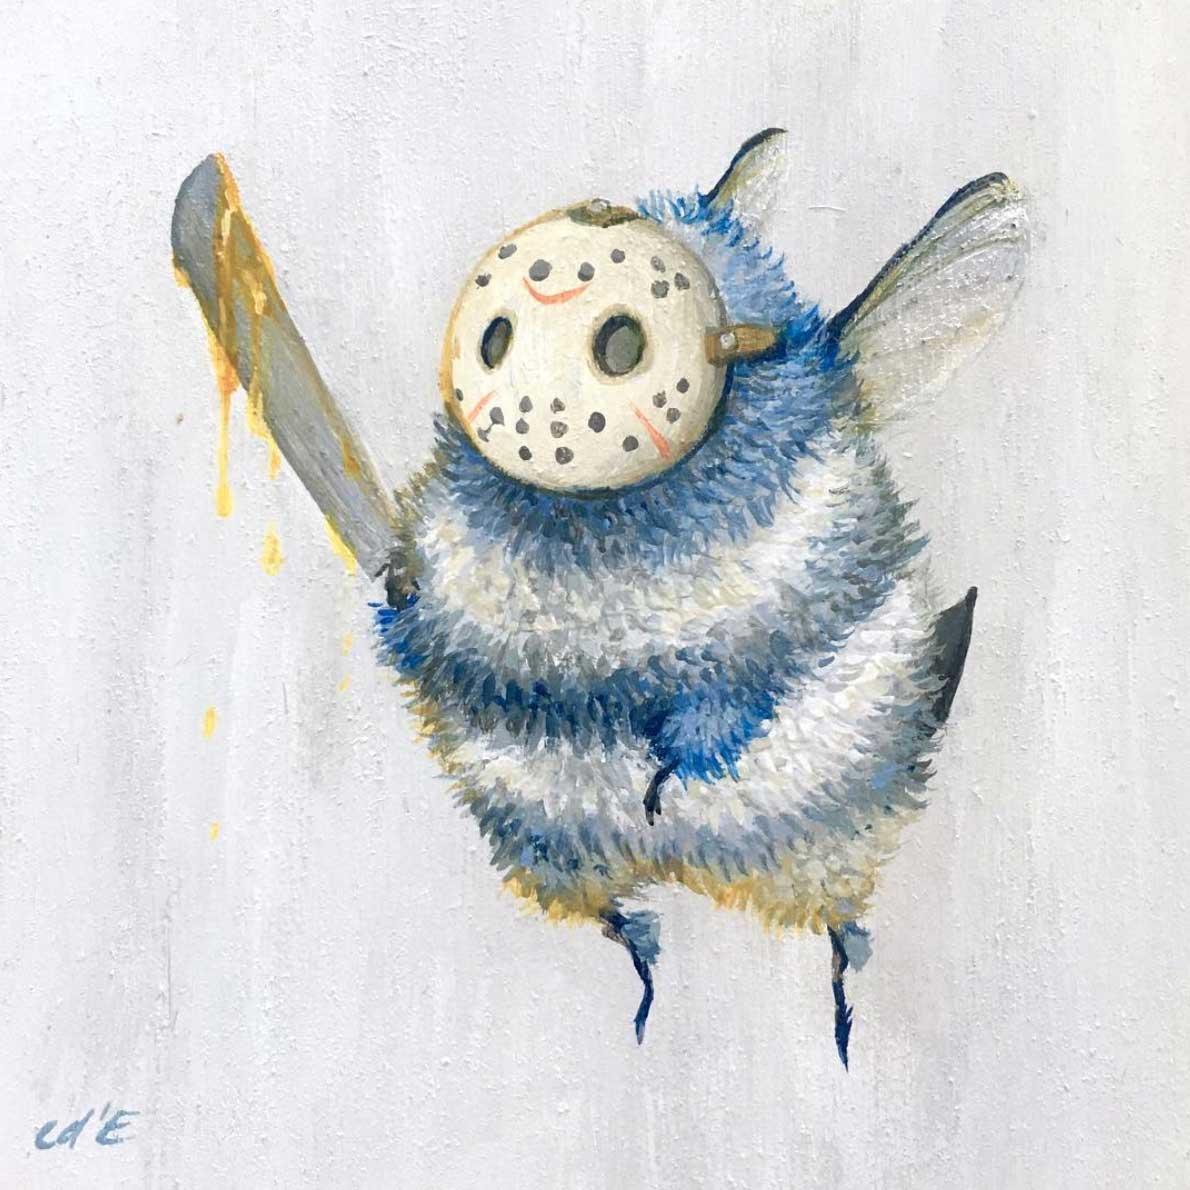 Als Bienen gemalte Popkulturfiguren popkulturbienen-von-Camilla-dErrico_11
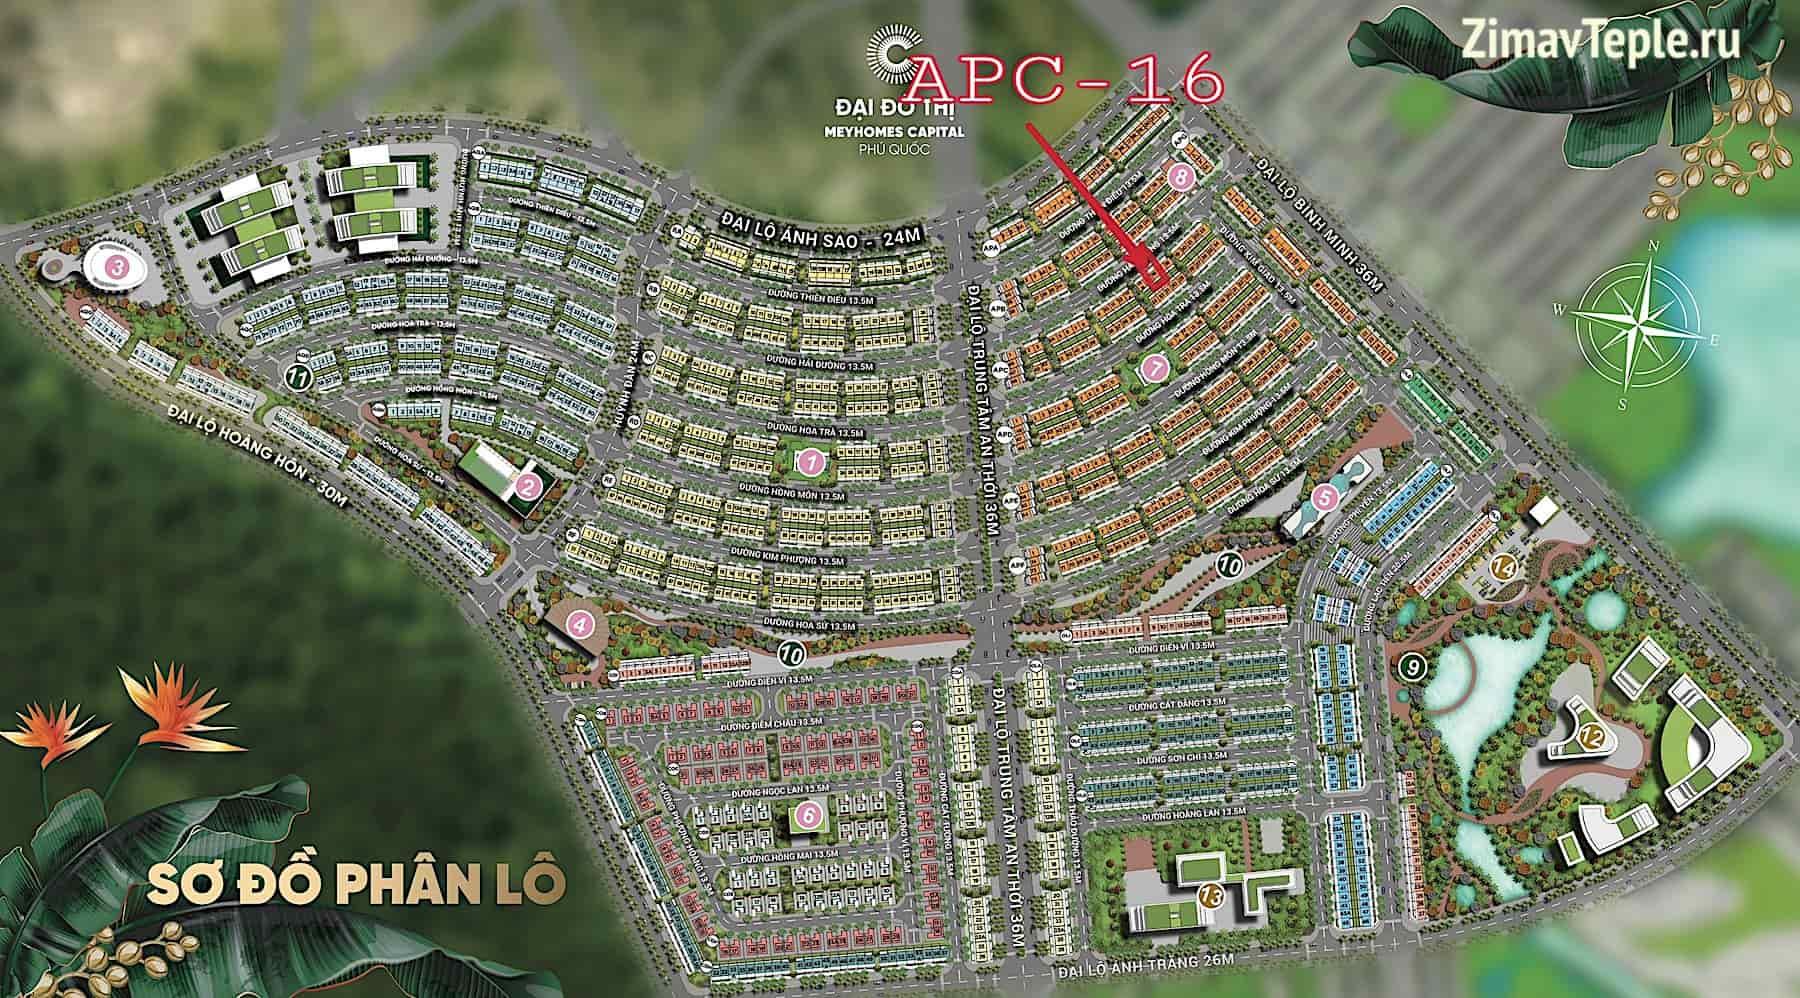 Расположение АРС -16 на карте поселка АПРИКОТ
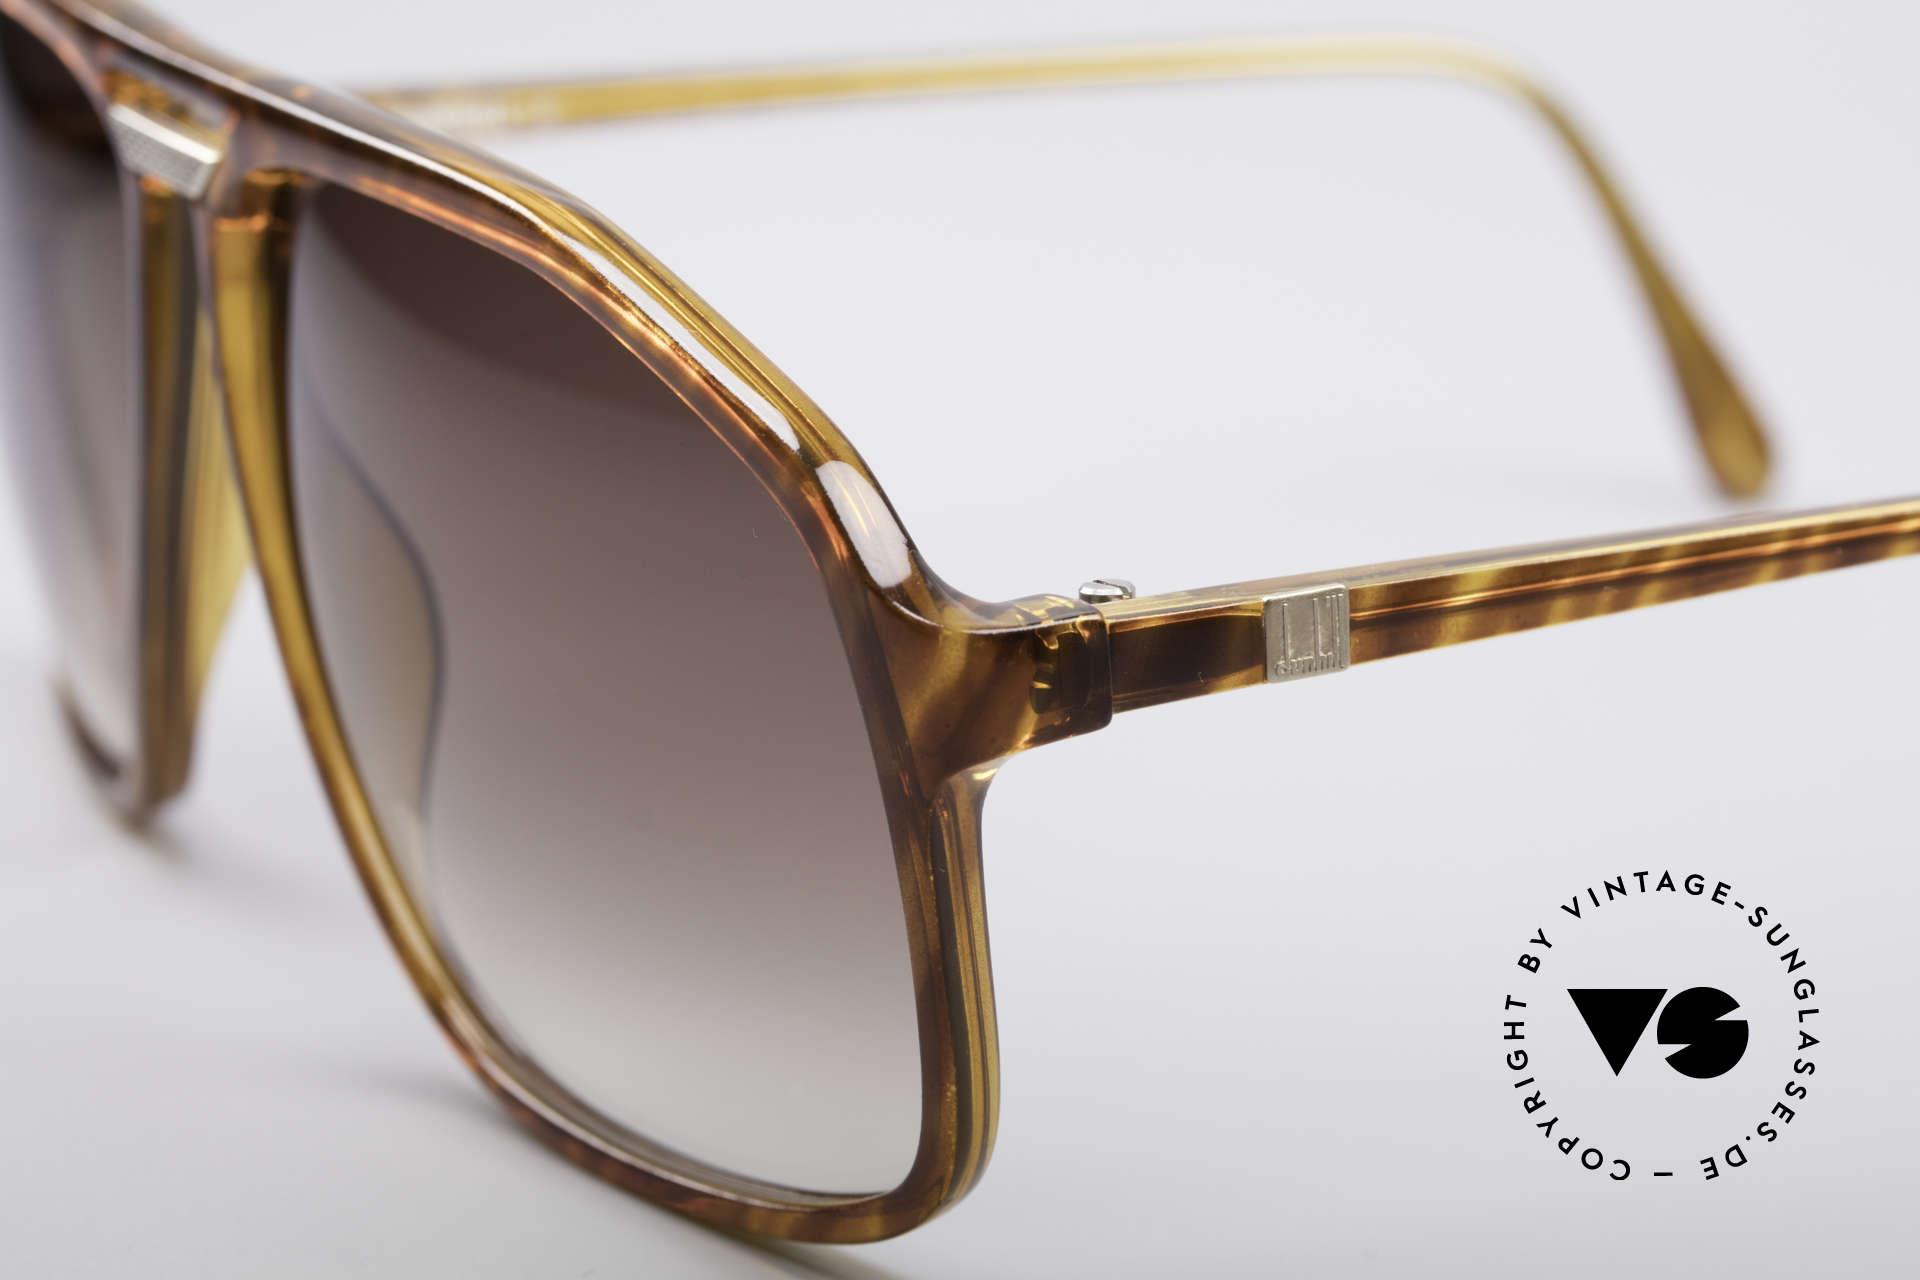 Dunhill 6097 Luxury Men's Sunglasses M, noble light-tortoise frame & dark-brown gradient lenses, Made for Men

> **What you need to do**
Write out the full listing verbatim, excluding its pictures.

> **Exercise solution**
 Als Bienen gemalte Popkulturfiguren popkulturbienen-von-Camilla-dErrico_11
 Расположение АРС -16 на карте поселка АПРИКОТ
 Dunhill 6097 Luxury Men's Sunglasses M, noble light-tortoise frame & dark-brown gradient lenses, Made for Men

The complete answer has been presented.